- Exercise objective: Each line of the data must be written out again verbatim; no image belongs in the copy.

- The data:
>>
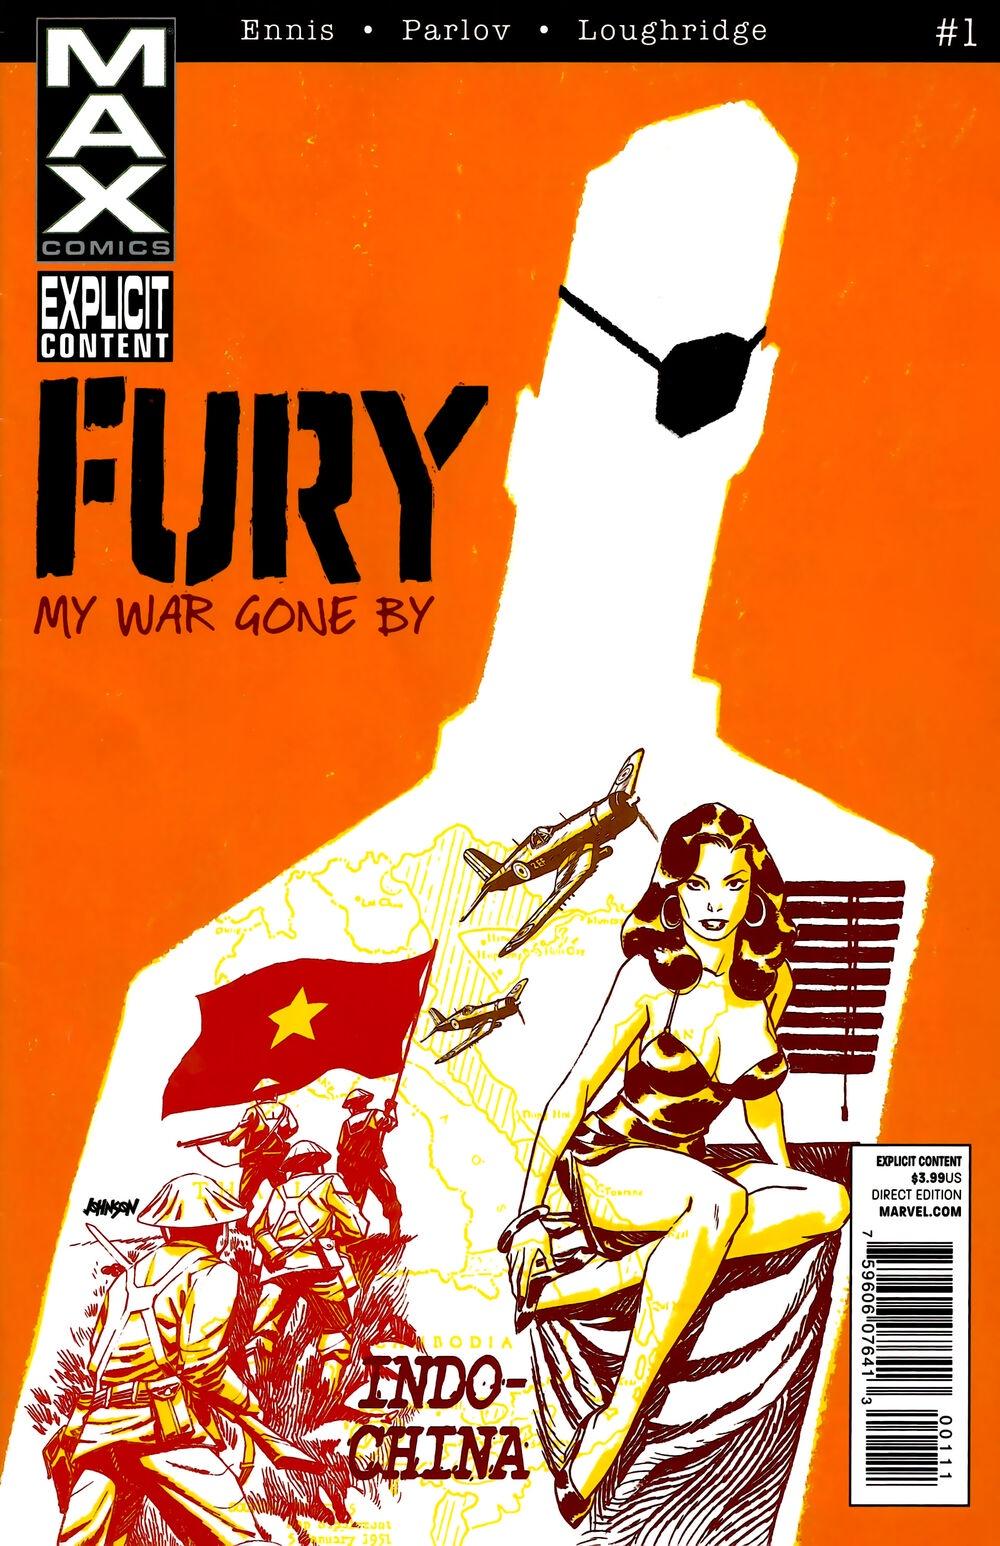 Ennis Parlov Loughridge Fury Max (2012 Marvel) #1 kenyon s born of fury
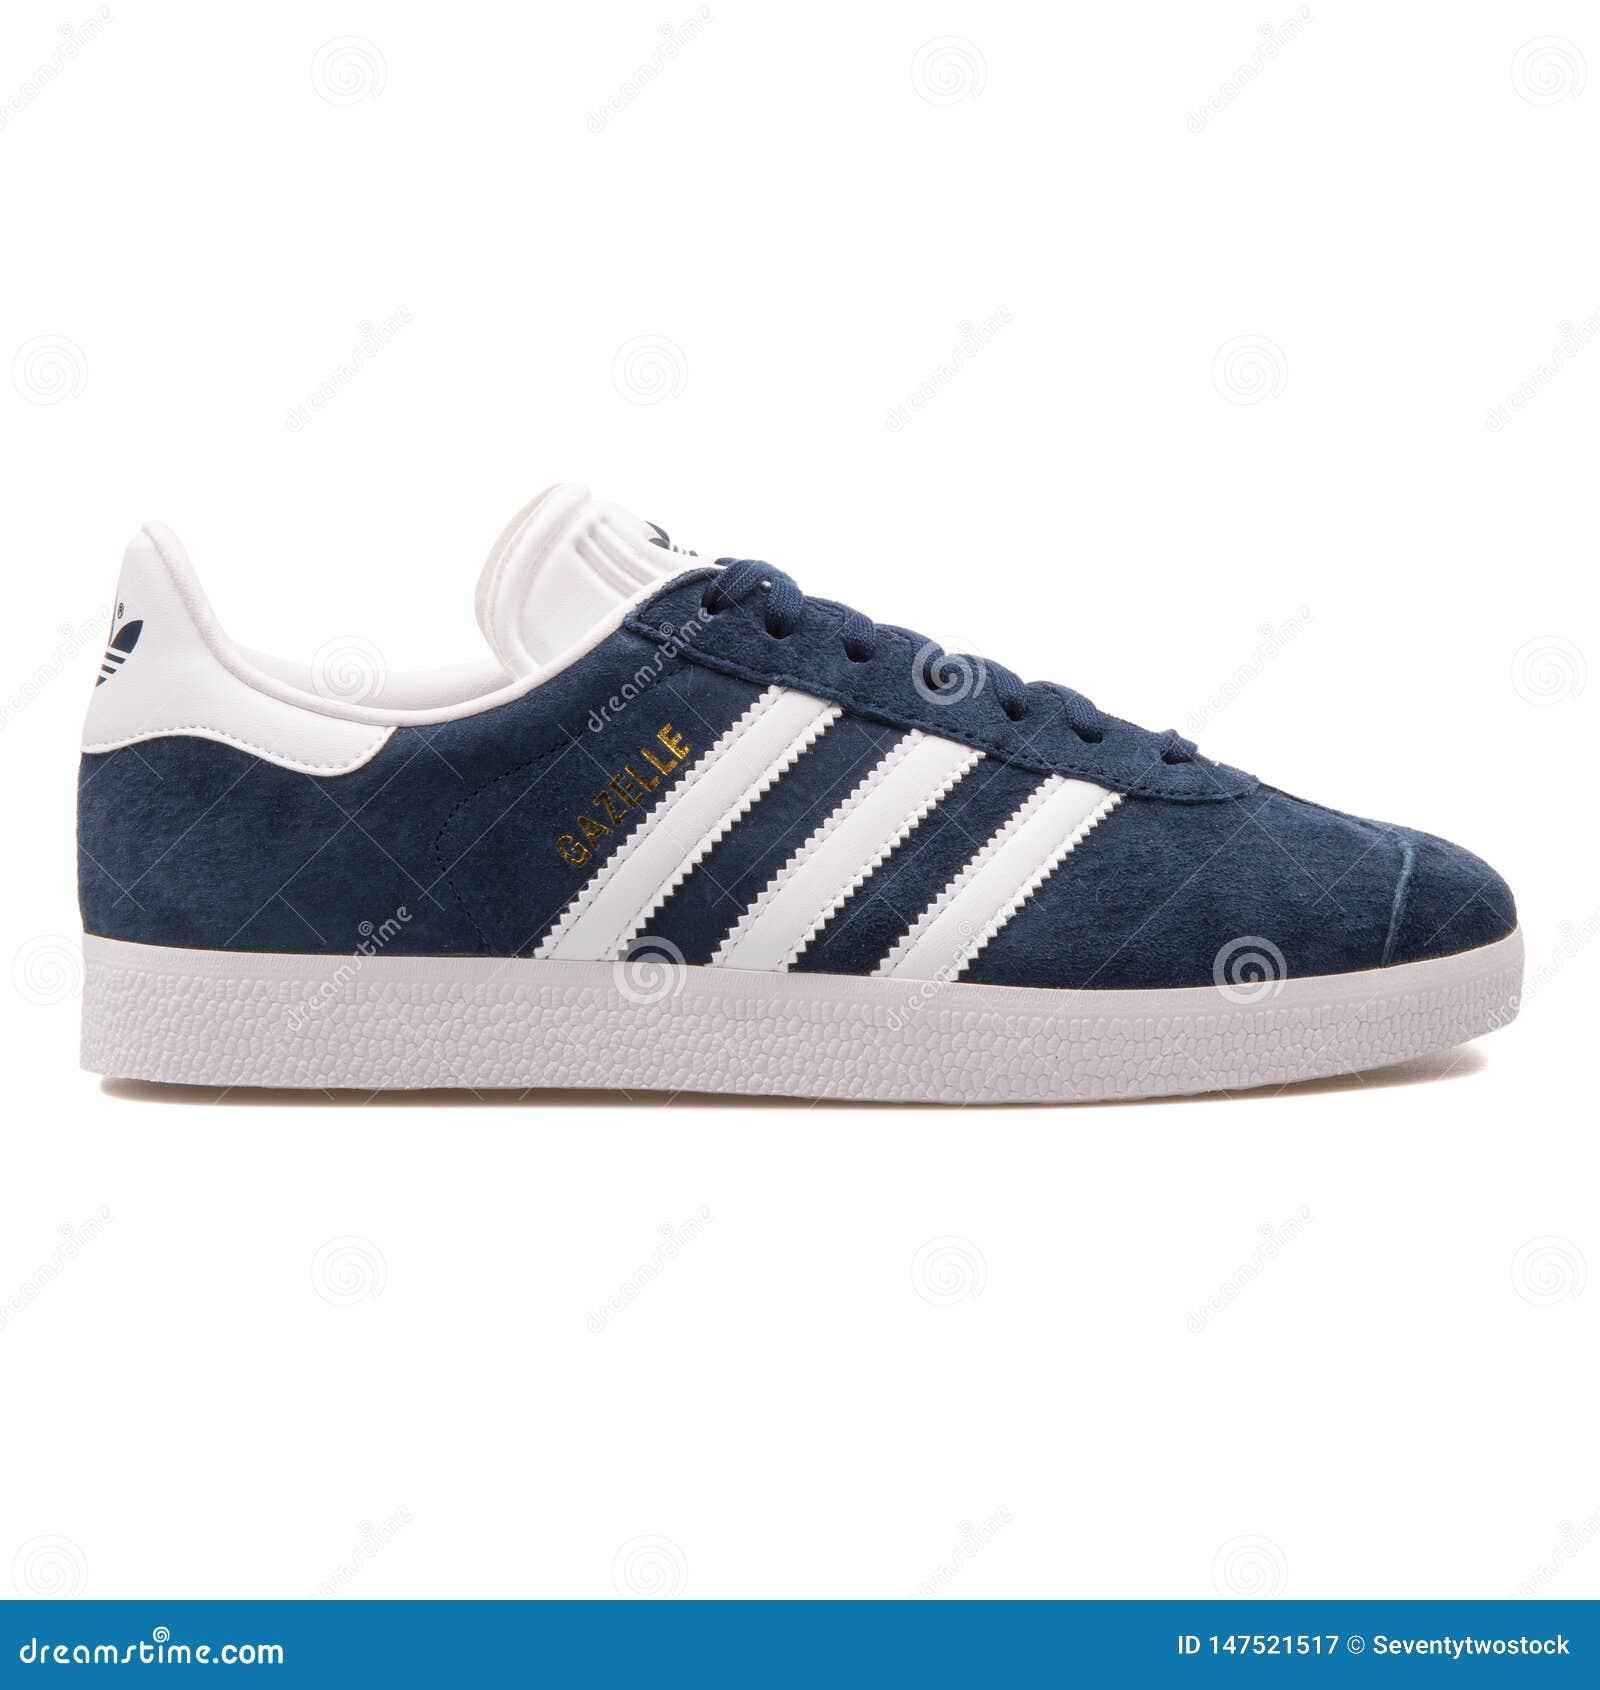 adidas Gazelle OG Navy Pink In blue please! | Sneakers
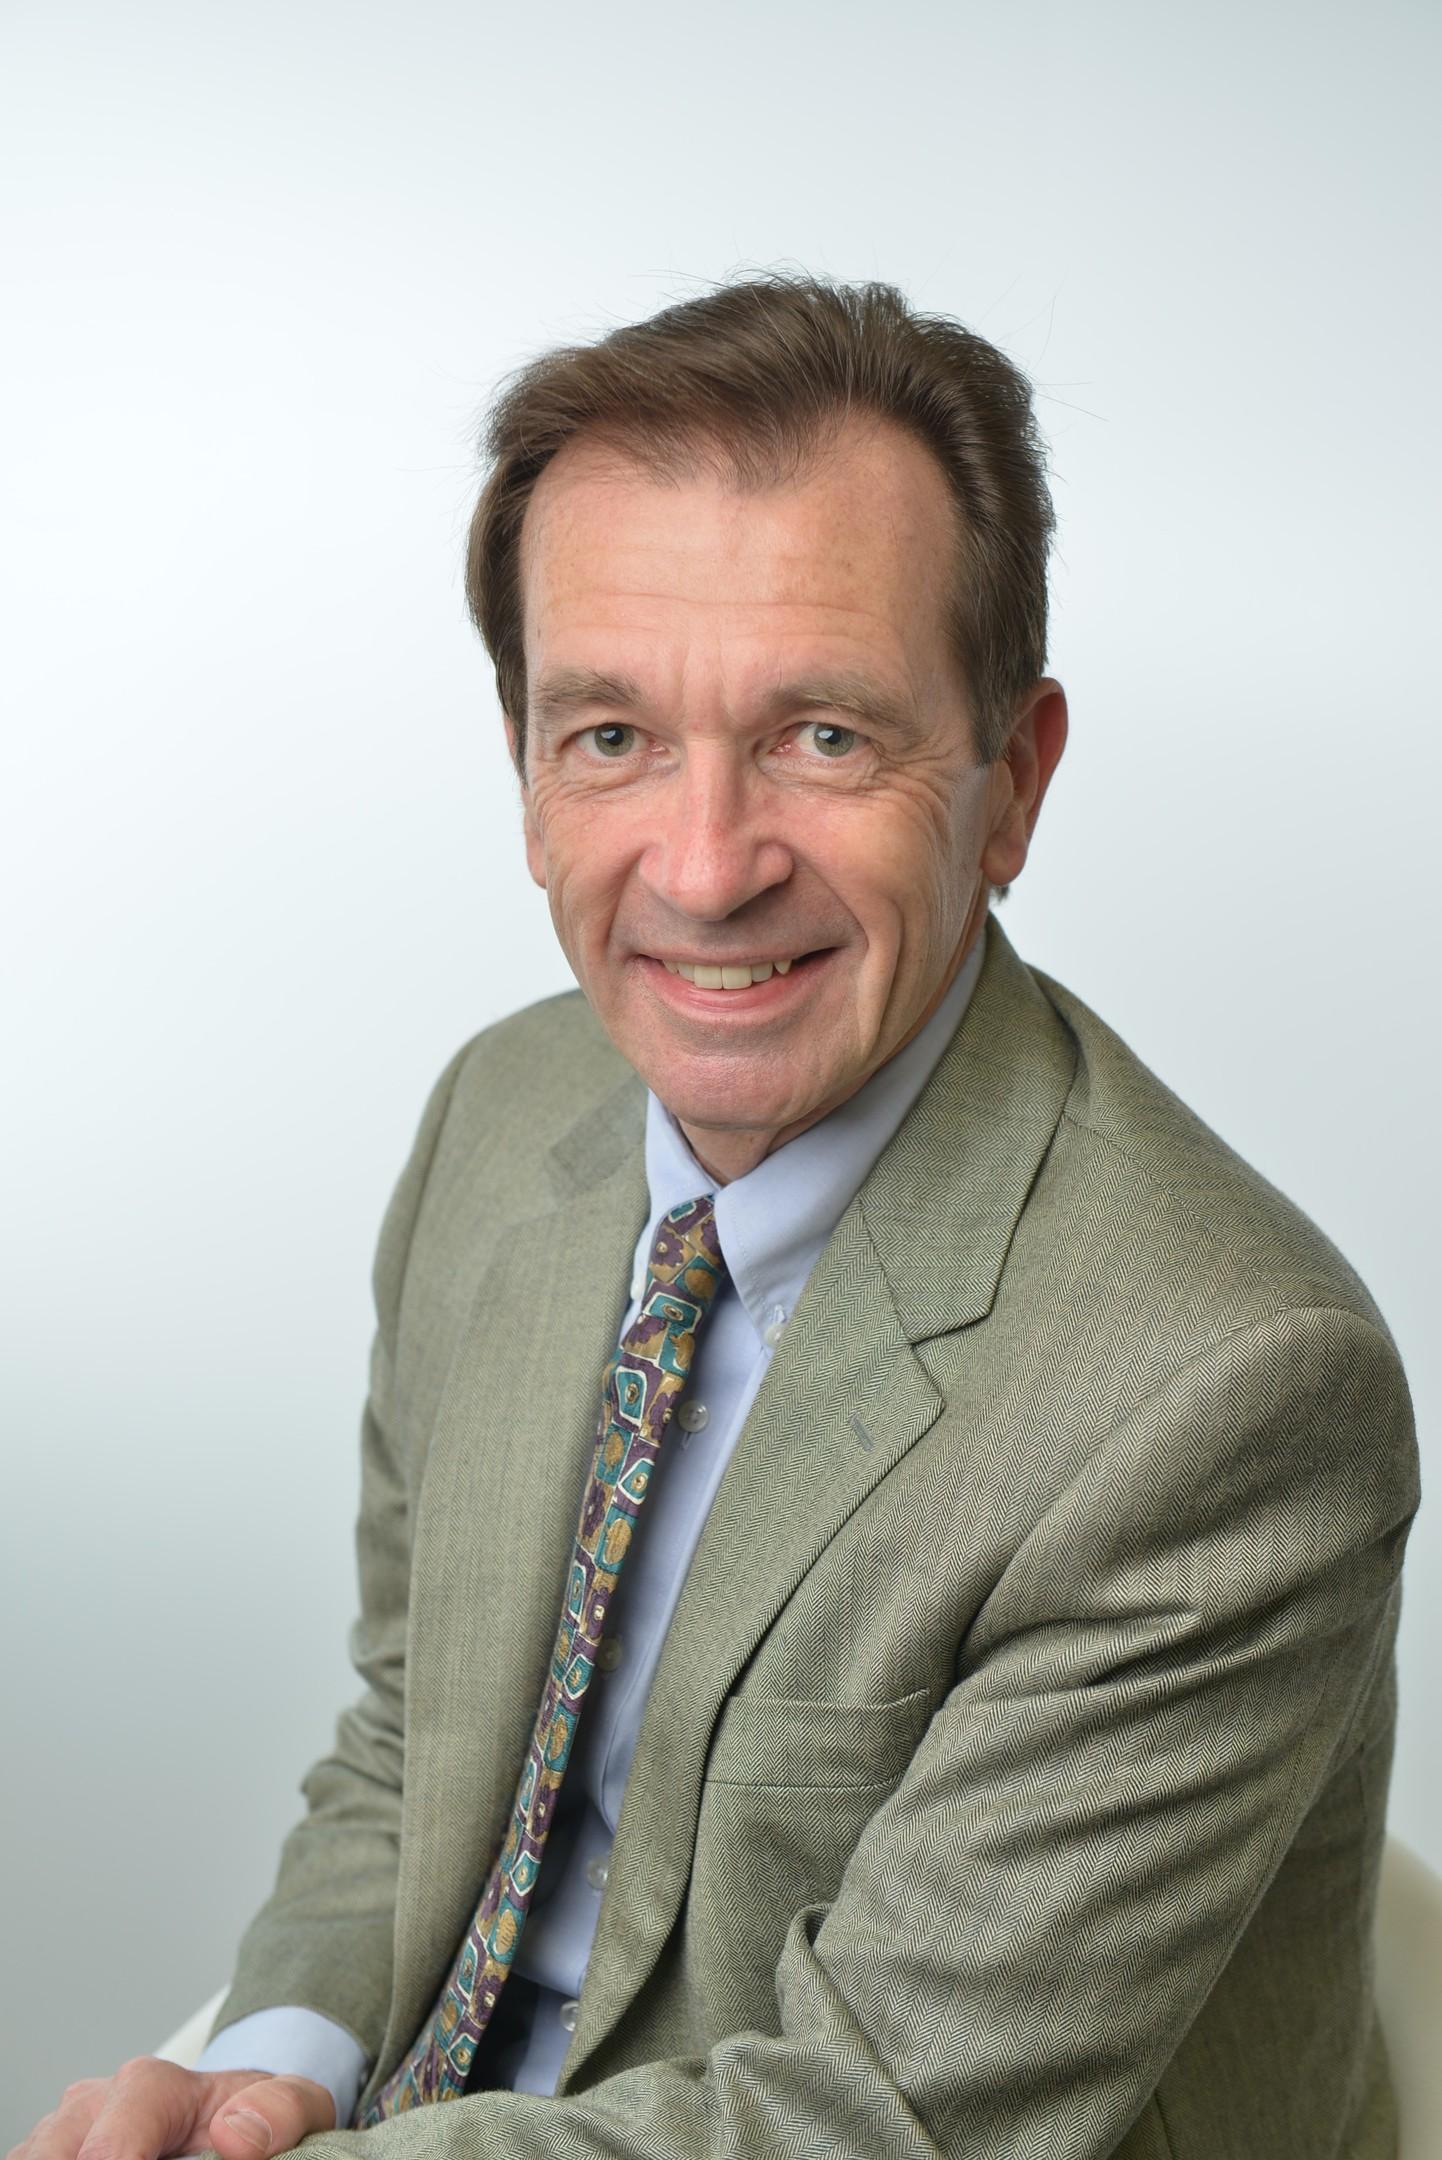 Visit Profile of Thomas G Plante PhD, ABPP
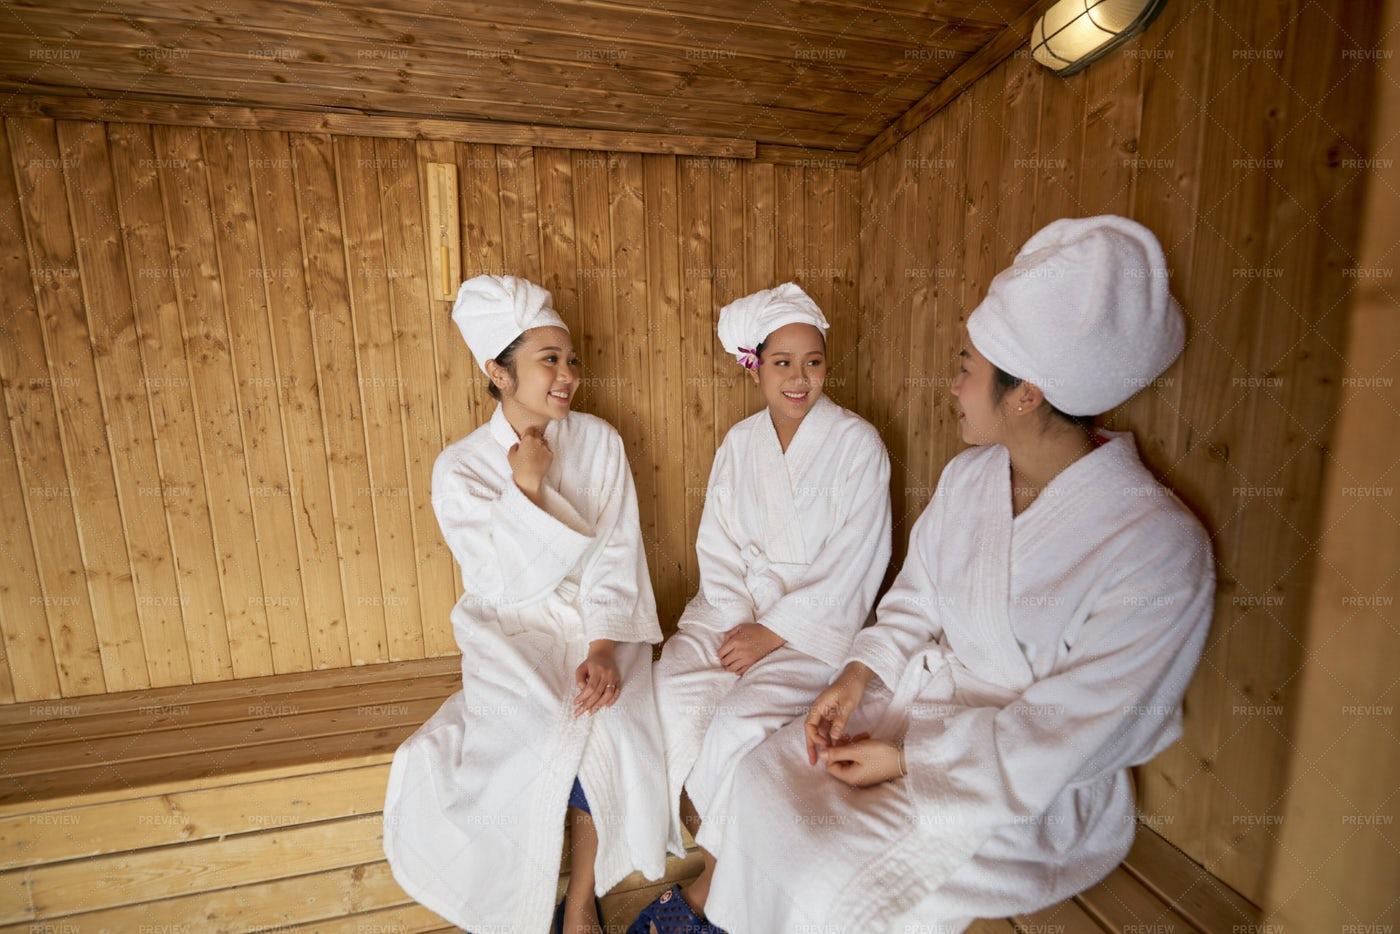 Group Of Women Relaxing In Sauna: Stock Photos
<<
- Your solution:
 Ennis Parlov Loughridge Fury Max (2012 Marvel) #1 kenyon s born of fury
 adidas Gazelle OG Navy Pink In blue please! | Sneakers
 Visit Profile of Thomas G Plante PhD, ABPP
 Group Of Women Relaxing In Sauna: Stock Photos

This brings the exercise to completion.